== Segment start ==

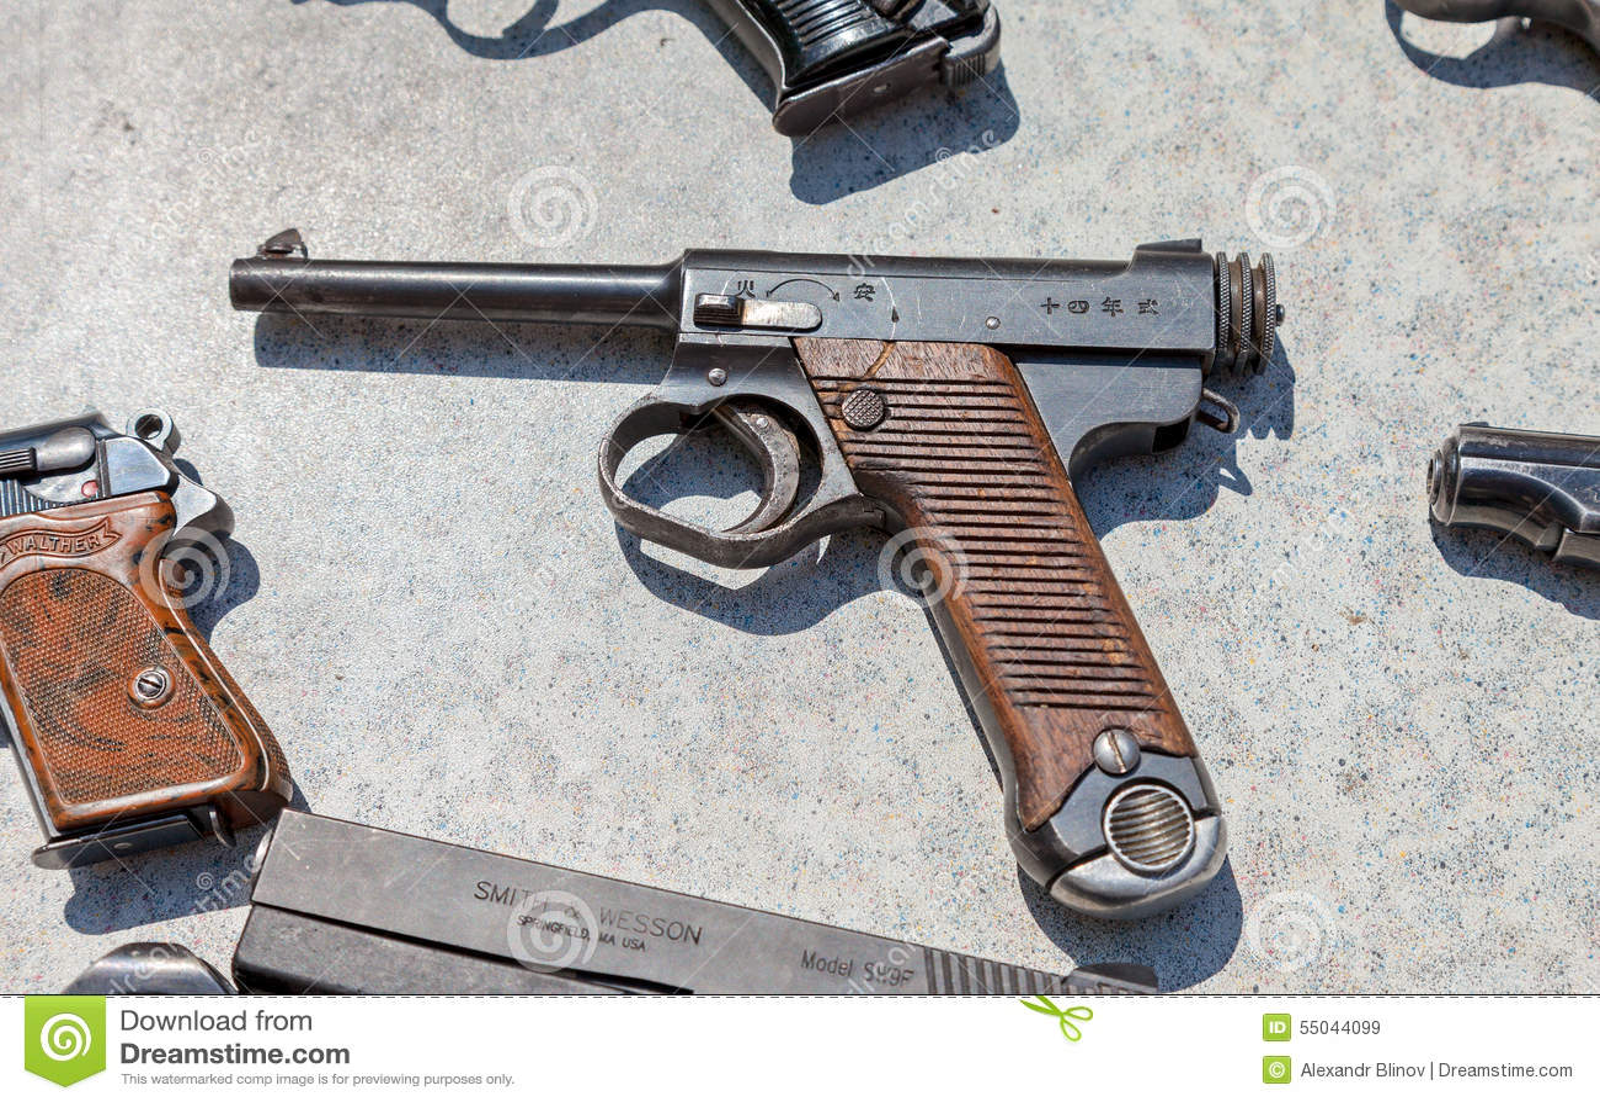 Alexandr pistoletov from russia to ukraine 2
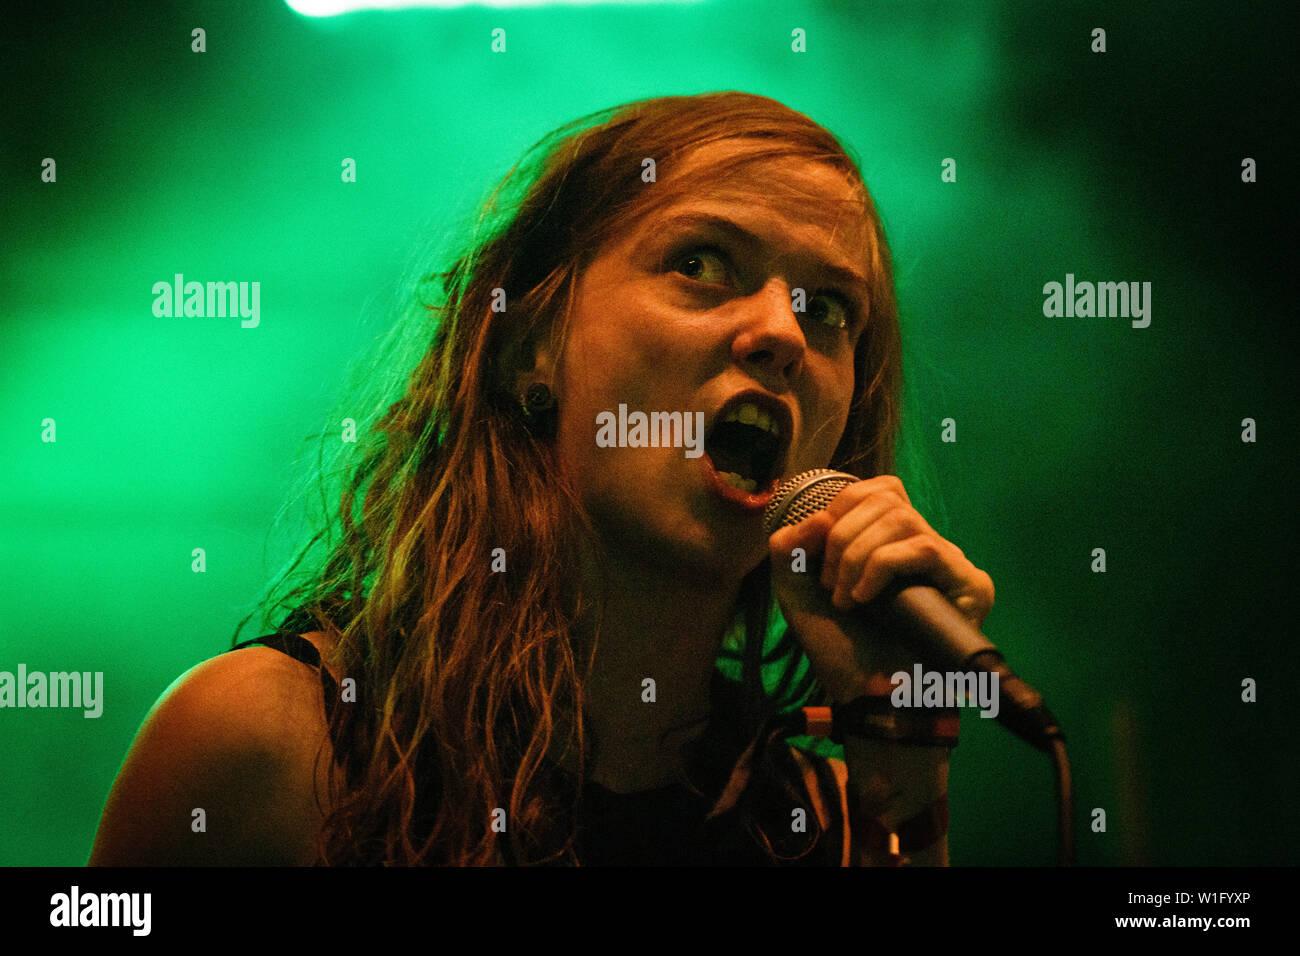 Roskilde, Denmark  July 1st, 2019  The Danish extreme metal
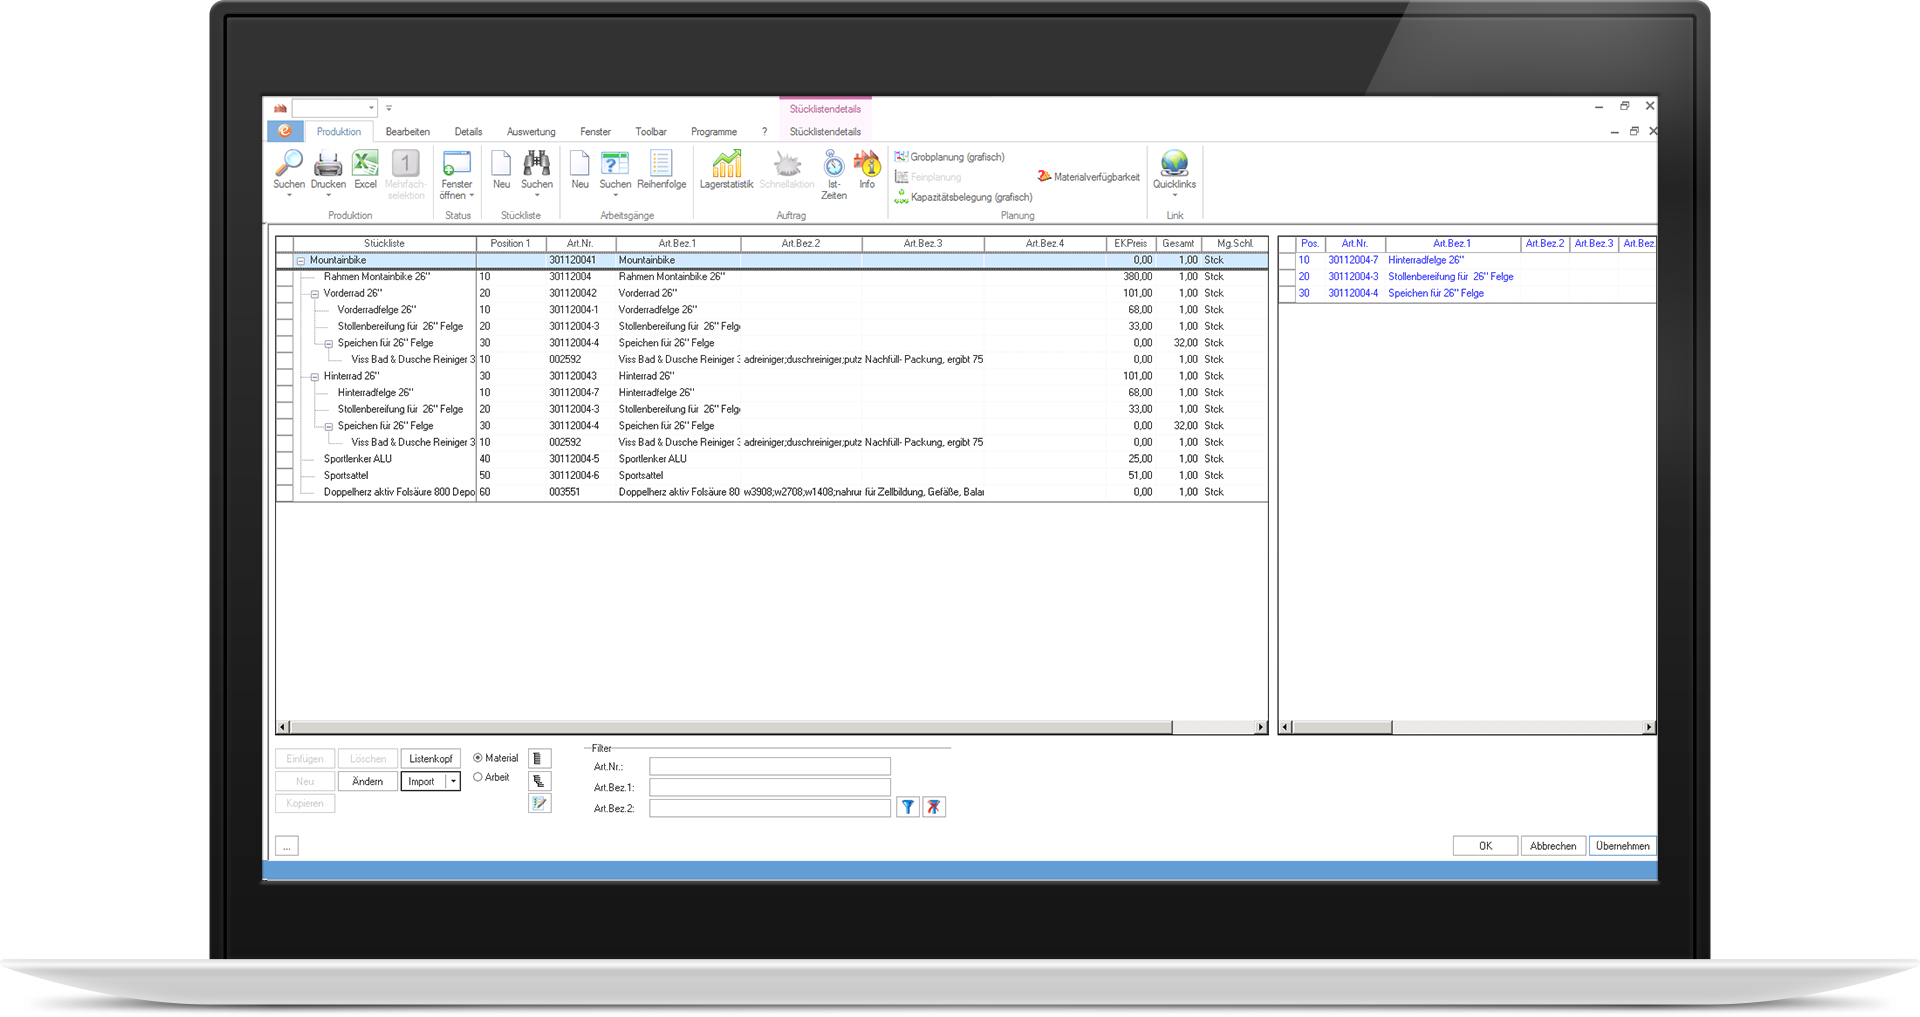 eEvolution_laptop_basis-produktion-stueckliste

== Segment end ==

**Exercise**
Everything from the line with "Danish extreme metal" through the end of the listing above, both ends included, should be set down exactly; copy nothing else, and skip the pictures.

**Written response**
 Roskilde, Denmark  July 1st, 2019  The Danish extreme metal
 eEvolution_laptop_basis-produktion-stueckliste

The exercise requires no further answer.